Policies.Experimentals.UCBlog10alpha module¶

The UCB1 (UCB-alpha) index policy, modified to take a random permutation order for the initial exploration of each arm (reduce collisions in the multi-players setting). Note: \(\log10(t)\) and not \(\log(t)\) for UCB index. Reference: [Auer et al. 02].

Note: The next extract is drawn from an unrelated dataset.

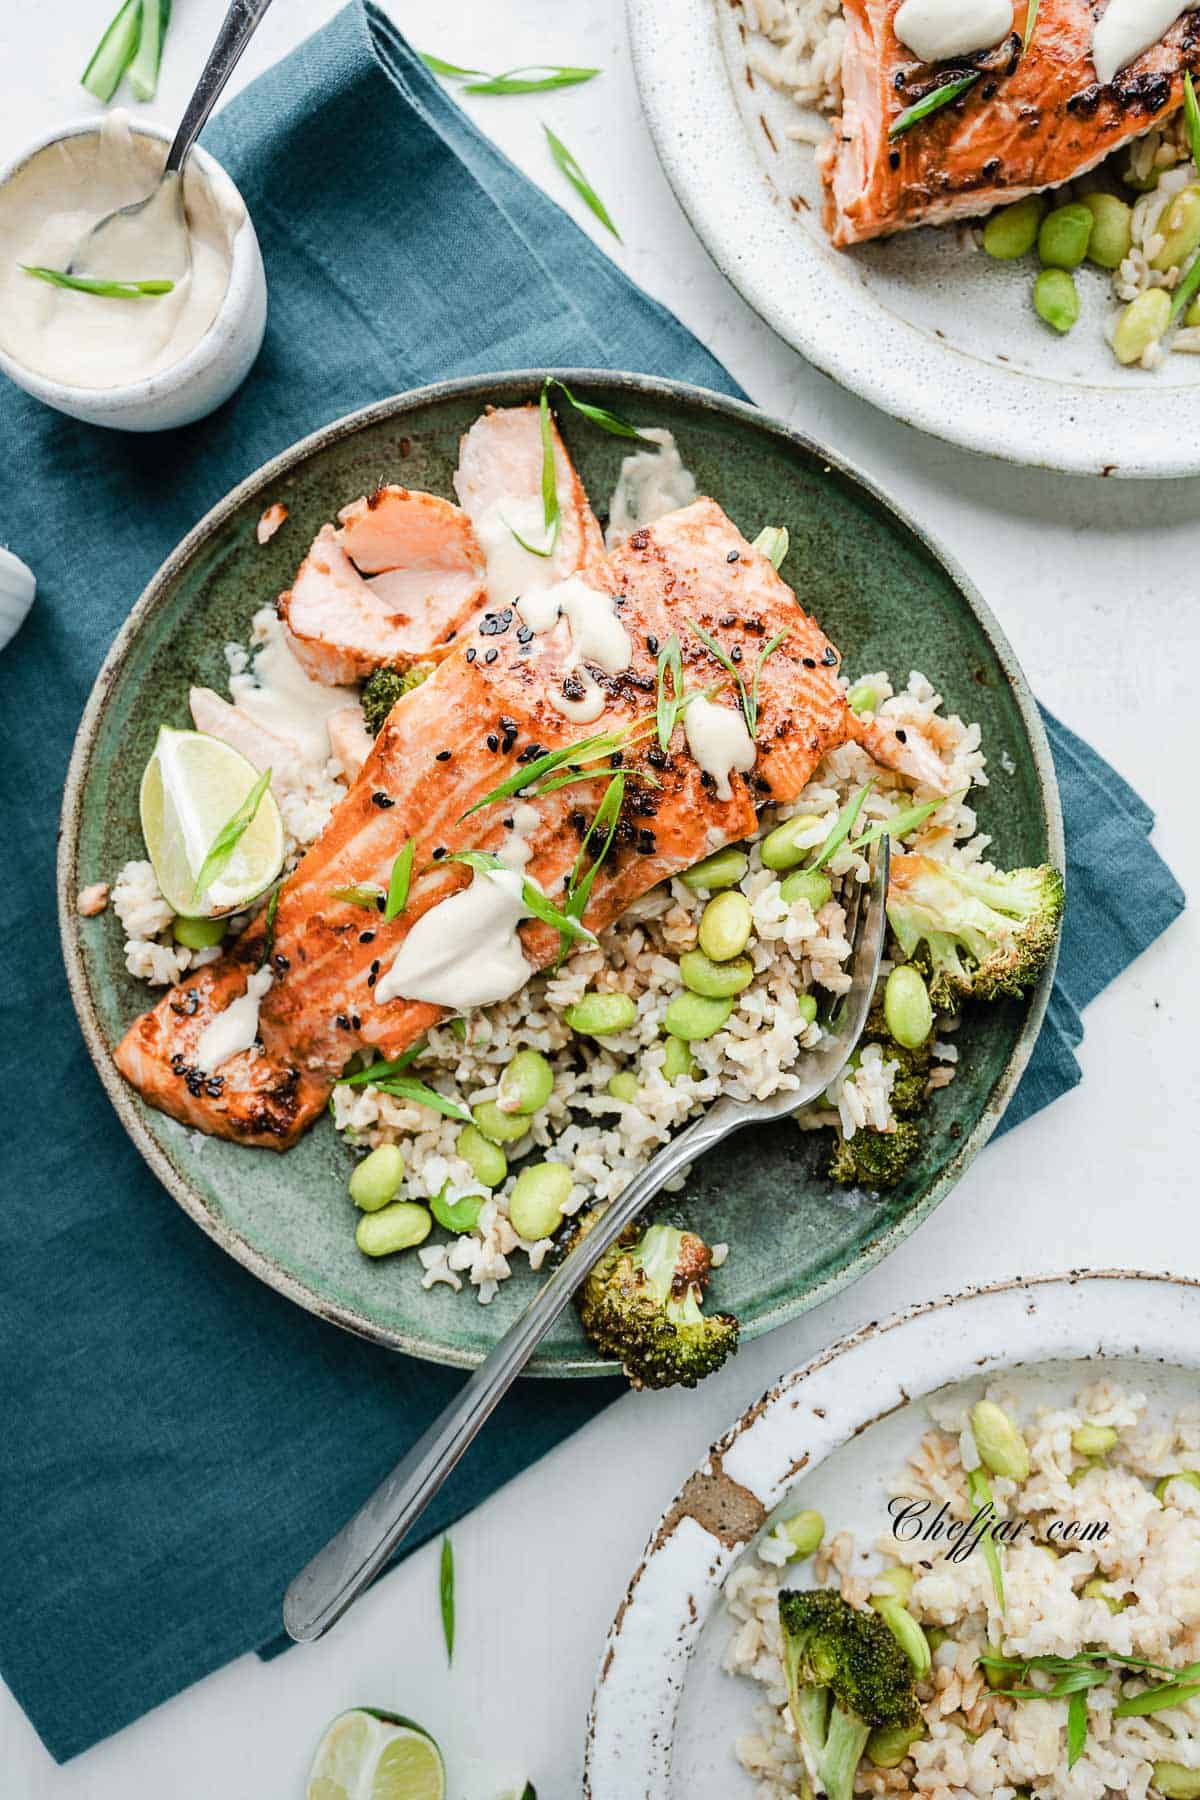 salmon is served on the bed of brown rice with beans and drizzled with tahini dressing.

Policies.Experimentals.UCBlog10alpha.ALPHA = 1¶: Default parameter for alpha

class Policies.Experimentals.UCBlog10alpha.UCBlog10alpha(nbArms, alpha=1, lower=0.0, amplitude=1.0)[source]¶

Bases: Policies.Experimentals.UCBlog10.UCBlog10

The UCB1 (UCB-alpha) index policy, modified to take a random permutation order for the initial exploration of each arm (reduce collisions in the multi-players setting). Note: \(\log10(t)\) and not \(\log(t)\) for UCB index. Reference: [Auer et al. 02].

__init__(nbArms, alpha=1, lower=0.0, amplitude=1.0)[source]¶

New generic index policy.

nbArms: the number of arms,
lower, amplitude: lower value and known amplitude of the rewards.

alpha = None¶: Parameter alpha

__str__()[source]¶: -> str

computeIndex(arm)[source]¶: Compute the current index, at time t and after \(N_k(t)\) pulls of arm k:

\[I_k(t) = \frac{X_k(t)}{N_k(t)} + \sqrt{\frac{\alpha \log_{10}(t)}{2 N_k(t)}}.\]

__module__ = 'Policies.Experimentals.UCBlog10alpha'¶

computeAllIndex()[source]¶: Compute the current indexes for all arms, in a vectorized manner.